Estimates and underlying assumptions are reviewed on an ongoing basis. Revisions to accounting estimates are recognised in the period in which the estimates are revised and in any future periods affected.
e.Going concern
The Group has been closely monitoring the impact of the developments on its businesses, mainly because the continuous worsening of global business and economic conditions may impact the stability of operations and could have an adverse impact on the earnings of the Group. While the technology sector has experienced economic headwinds globally, the impact on the Group’s operations and liquidity has not been substantial.
In accordance with IAS 1 “Presentation of financial statements”, and revised FRC (“Financial Reporting Council") guidance on “risk management, internal control and related financial and business reporting”, the Directors have considered the funding and liquidity position of the Group and have assessed the Group’s ability to continue as a going concern for the foreseeable future. In doing so, the Directors have reviewed the Group’s budget and forecasts, and have taken into account all available information about the future for a period of at least, but not limited to, 12 months from the date of approval of these condensed consolidated financial statements.
Having considered the outcome of these assessments, the Directors believe that the Group has adequate resources to continue operations for the foreseeable future, being at least 12 months from the date of approval of these condensed consolidated financial statements, and accordingly continue to adopt the going concern basis in preparing the condensed consolidated financial statements.


f.Basis of Consolidation
(i)    Business combinations
Business combinations are accounted for using the acquisition method. The results of businesses acquired in a business combination are included in the consolidated financial statements from the date of the acquisition. Purchase accounting results in assets and liabilities of an acquired business being recorded at their estimated fair values on the acquisition date. Any excess consideration over the fair value of assets acquired and liabilities assumed is recognised as goodwill.
The Group performs valuations of assets acquired and liabilities assumed on each acquisition accounted for as a business combination and allocates the purchase price to the tangible and intangible assets acquired and liabilities assumed based on management’s best estimate of fair value. The Group determines the appropriate useful life of intangible assets by performing an analysis of cash flows based on historical experience of the acquired businesses. Intangible assets are amortised over their estimated useful lives based on the pattern in which the economic benefits associated with the asset are expected to be consumed, which to date has approximated the straight-line method of amortisation.
Any contingent and deferred consideration payable are measured at fair value at the acquisition date. If the contingent consideration is classified as equity, it is not re-measured and settlement is accounted for within equity. Changes in the fair value of the contingent consideration that qualify as measurement period adjustments are adjusted retrospectively, with corresponding adjustments against goodwill. Measurement period adjustments are adjustments that arise from additional information obtained during the 'measurement period' (which cannot exceed one year from the acquisition date) about facts and circumstances that existed at the acquisition date. Otherwise, subsequent changes in the fair value of deferred and contingent consideration payable are recognised in the statement of comprehensive income within finance expense or finance income.
Transaction costs associated with business combinations are expensed as incurred and are included in selling, general and administrative expenses.
(ii)    Subsidiaries
Subsidiaries are entities controlled by the Company. The financial statements of subsidiaries are included in the consolidated financial statements from the date that control commences until the date that control ceases.
(iii)    Transactions eliminated on consolidation
All transactions and balances between Group Entities are eliminated on consolidation.
The Group generates revenue primarily from its single class of business being the provision of IT services. It recognises revenue in accordance with IFRS 15 – “Revenue from Contracts with Customers”:

The Group accounts for a contract when it has approval and commitment from both parties, the rights of the parties are identified, payment terms are identified, the contract has commercial substance and collectability of consideration is probable.

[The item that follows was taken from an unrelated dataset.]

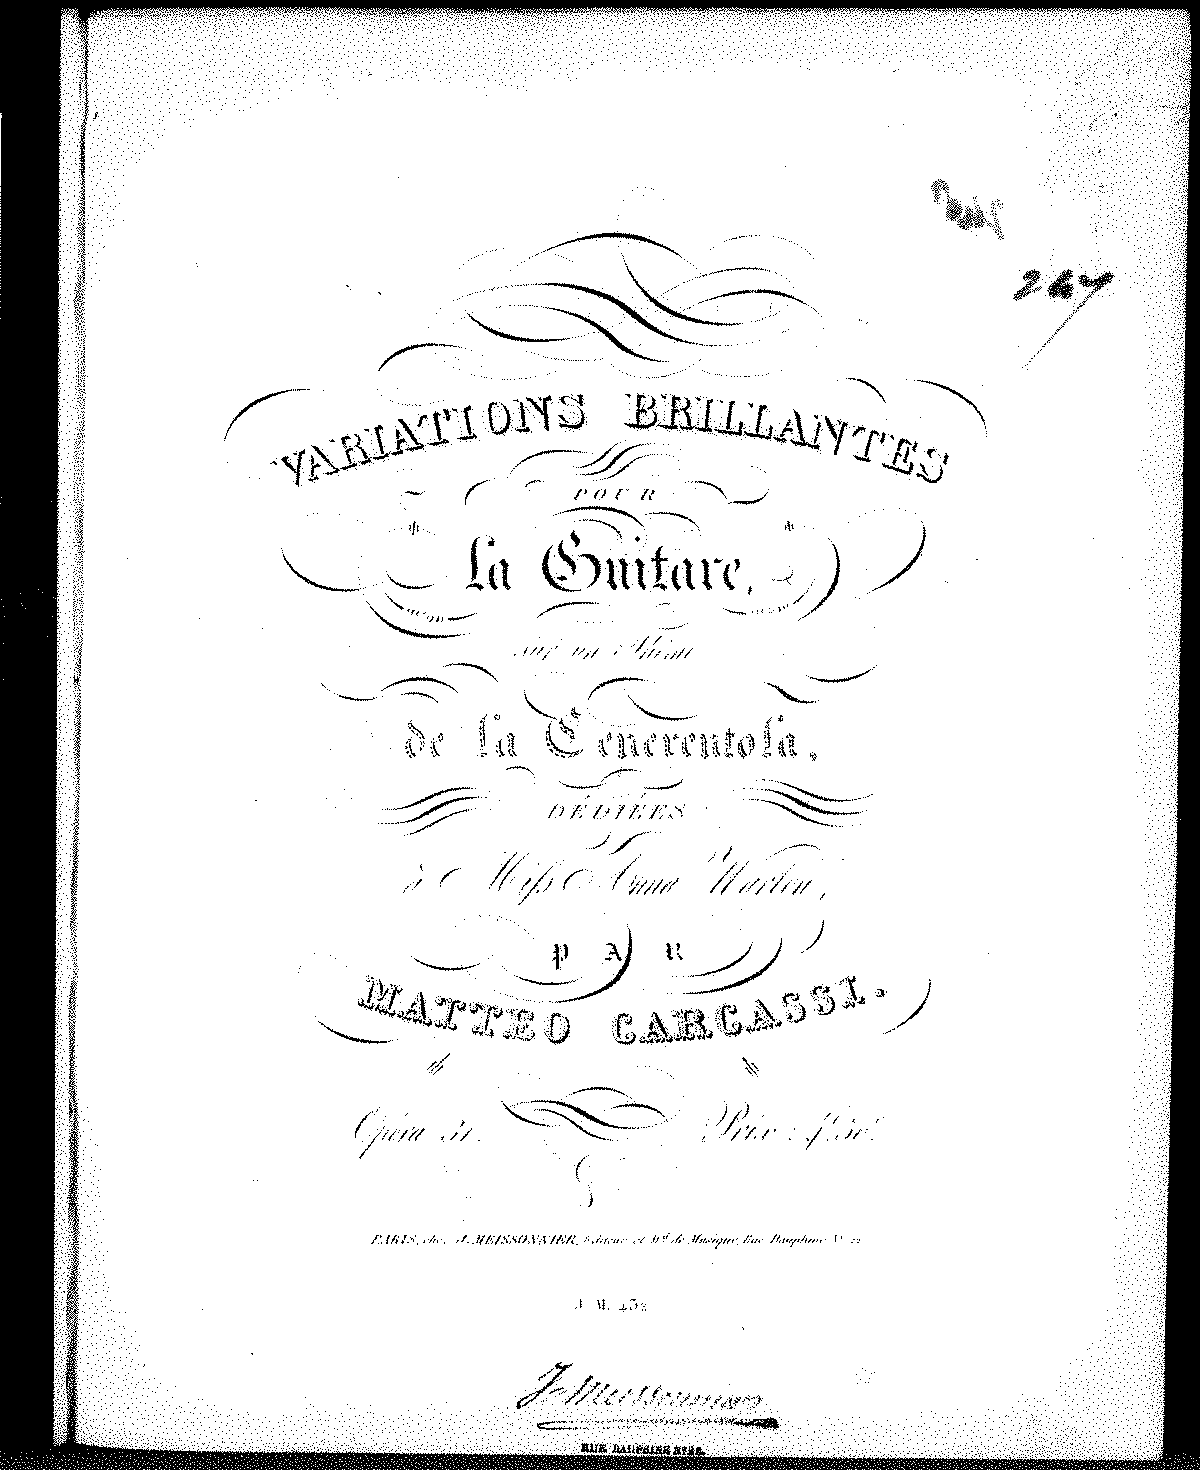 Cenerentola Variations, Op.31 (Carcassi, Matteo) - IMSLP

The Group identifies its distinct performance obligations under each contract. A performance obligation is a promise in a contract to transfer a distinct product or service to the customer.

The transaction price is the amount of consideration to which the Group expects to be entitled in exchange for transferring products or services to a customer. With respect to all types of contracts, revenue is only recognised when the performance obligations are satisfied and the control of the services is transferred to the customer, either over time or at a point in time, at an amount that reflects the consideration to which the Group expects to be entitled in exchange for those services.


The Group considers the majority of its contracts to have a single performance obligation. In cases in which there are multiple performance obligations in the contract, a separate price allocation is performed based on relative standalone selling prices.

Revenue is measured at the fair value of the consideration received, excluding discounts, rebates and taxes.

The Group’s services are generally performed under time-and-material based contracts (where materials consist of travel and out-of-pocket expenses) and fixed-price contracts. The vast majority of the Group's contracts are relatively short term in nature and have a single performance obligation.

Under time-and-materials based contracts, the Group charges for services based on daily or hourly rates and generally bills and collects monthly in arrears. The Group applies the practical expedient. Under the practical expedient, if the vendor’s right to consideration from a customer corresponds directly with the value to the customer of the vendor’s performance completed to date, the vendor can recognise revenue at the amount to which the vendor has the right to invoice. Consequently the revenue from time-and-materials contracts is recognised based on the right to invoice for services performed, with the corresponding cost of providing those services reflected as cost of sales when incurred.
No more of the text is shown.